Facebook to Open New Division to Build the Future of Social VR

Posted by in categories: mobile phones, virtual reality

Ever since Facebook purchased Oculus in 2014, Mark Zuckerberg has been speaking to promise of virtual reality as the next communications platform. Yesterday at the Mobile World Congress in Barcelona he punctuated those thoughts with a big announcement – the creation of an internal team dedicated to Social VR.

Led by Daniel James and Mike Booth, the team will work closely with Oculus as well as other divisions within Facebook to explore and build the future of social interaction in VR, the company says.

Facebook describes their work in VR as “still early” but Oculus has been working to lay the groundwork themselves with experiences like Toybox and an upcoming social SDK that will allow developers to easily implement key multiplayer and networking features into their experiences. In fact, Oculus’ dedication to Social VR is “the reason why [they’re] part of Facebook,” Oculus founder Palmer Luckey told us earlier this year.

Still the idea of a metaverse – a giant interconnected world like the ones in Snow Crash or Ready Player One – is something far off.

“It’s not happening in the immediate future,” Luckey said, “we’d much rather work and get this right over a longer period of time than rush into it at the start and be constrained by the design decisions that we make.” He says that it will take VR reaching a “critical mass” for there to be enough data to know how best to design how the future of social interaction will look.

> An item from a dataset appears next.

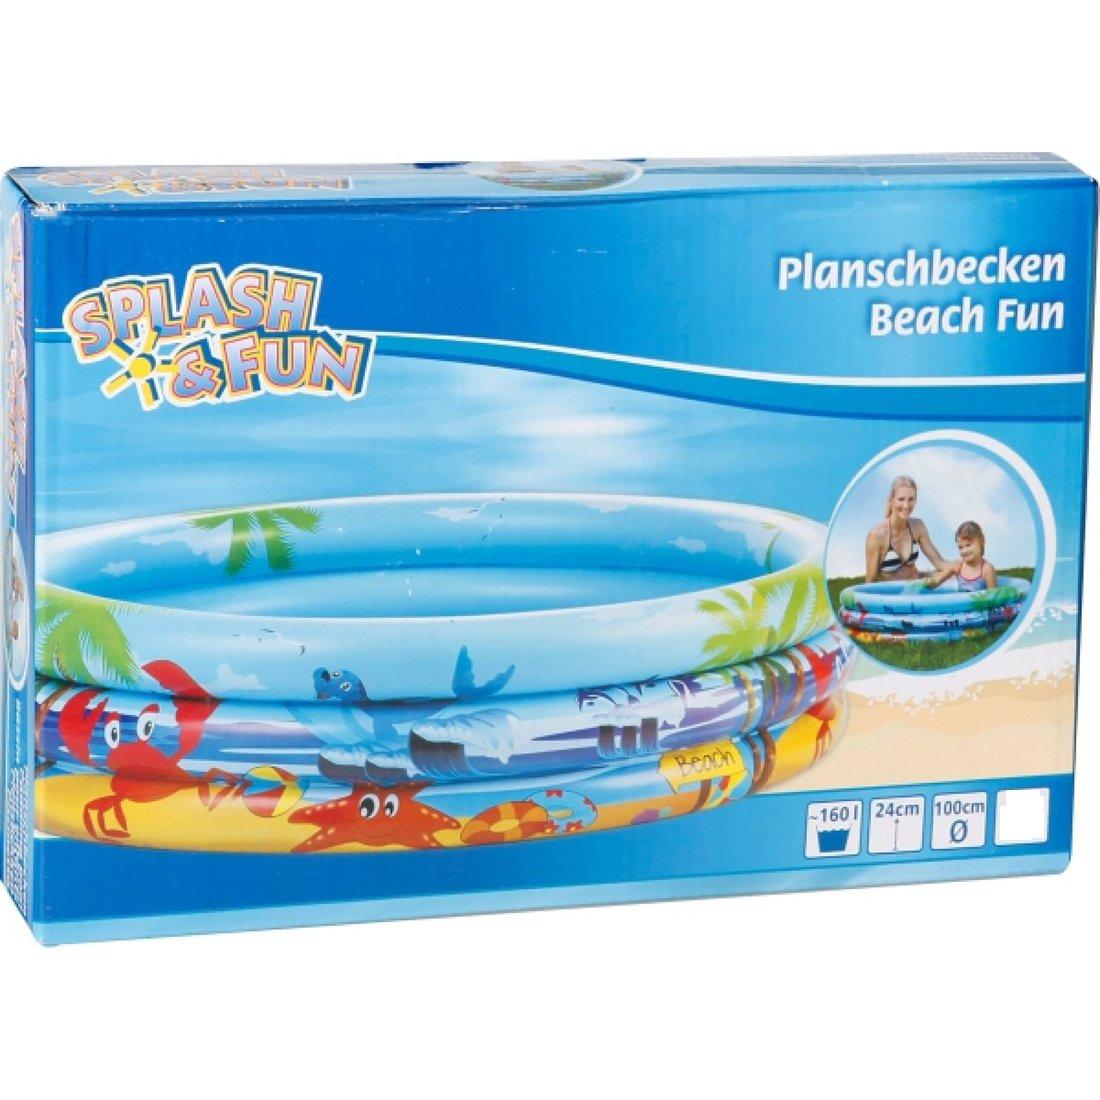 Planschbecken Splash & Fun Beach Fun 100 cm
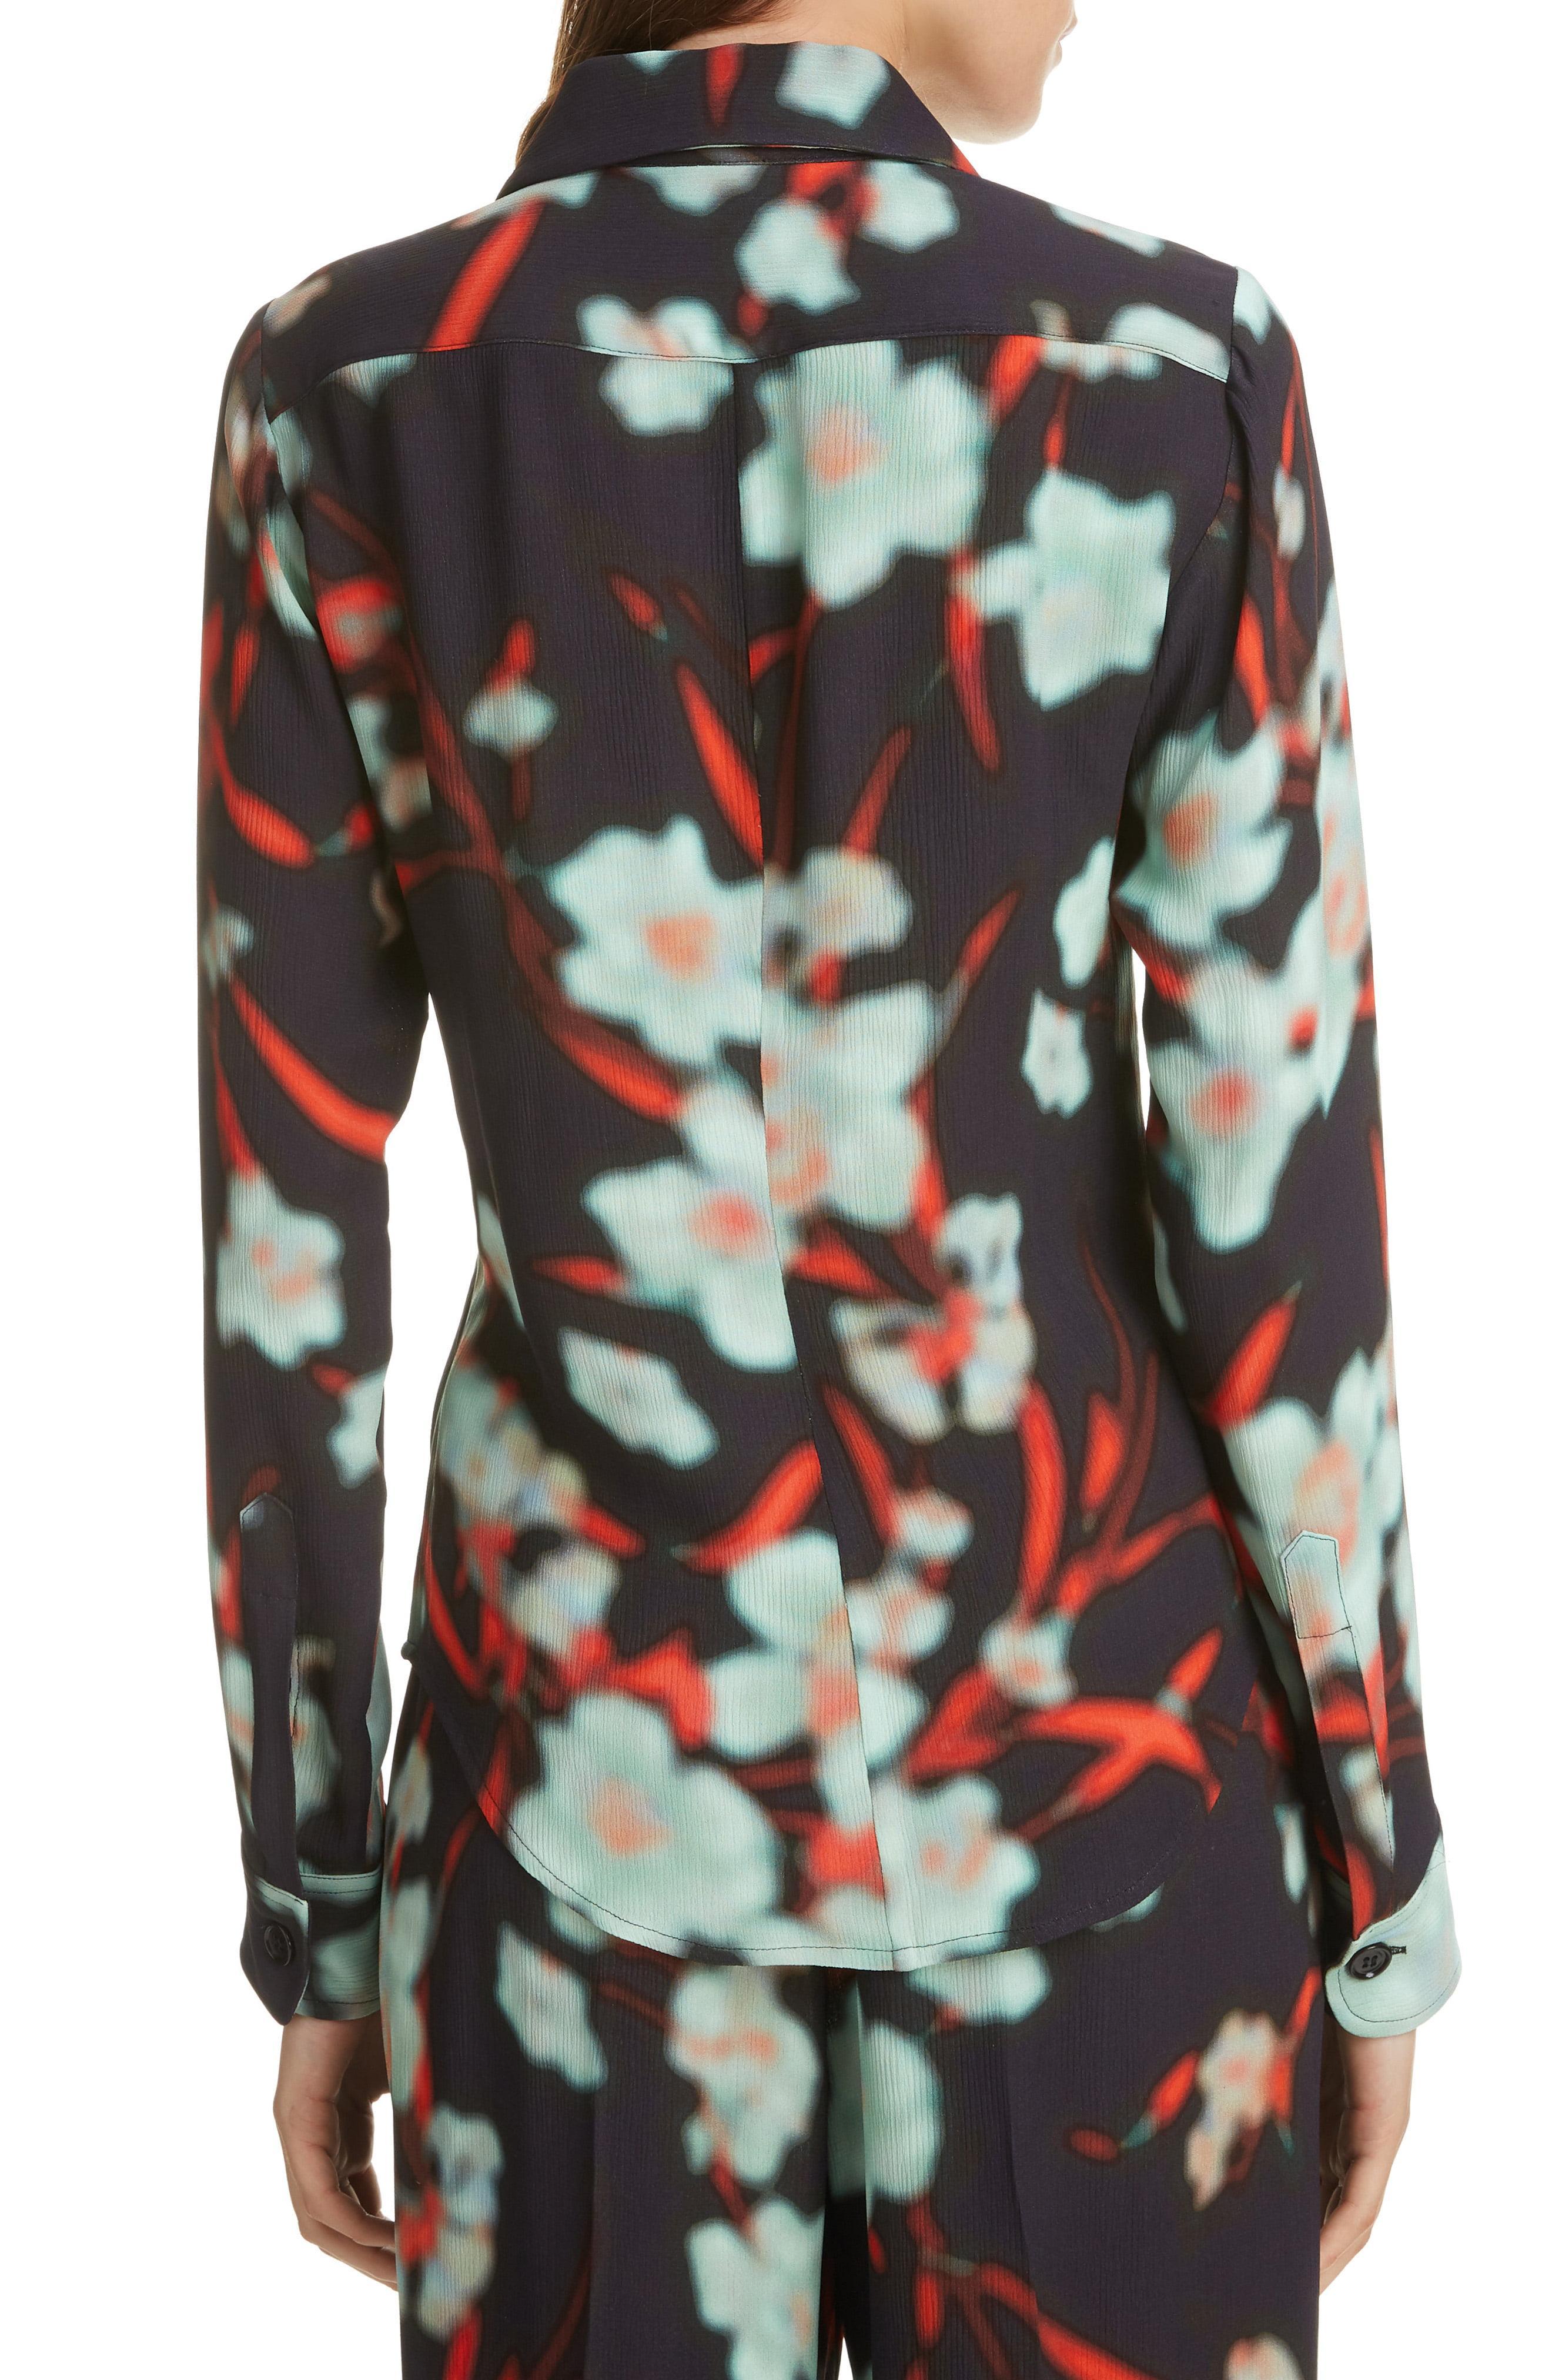 1ddee7a6c7719 Dries Van Noten - Black Dires Van Noten Crinkled Floral Print Shirt - Lyst.  View fullscreen

While it may take a while for VR to reach that critical mass Samsung’s announcement that they plan to bundle a GearVR with every Galaxy S7 or S7 Edge preorder could potentially accelerate the process. Last year Samsung reportedly received over 20 million preorders for the Galaxy S6 and S6 Edge and while Samsung says the GearVR giveaway is “while supplies last” if they give away even a tenth of that it would significantly accelerate the growth of VR’s user base, which in turn could accelerate the growth and need for social VR.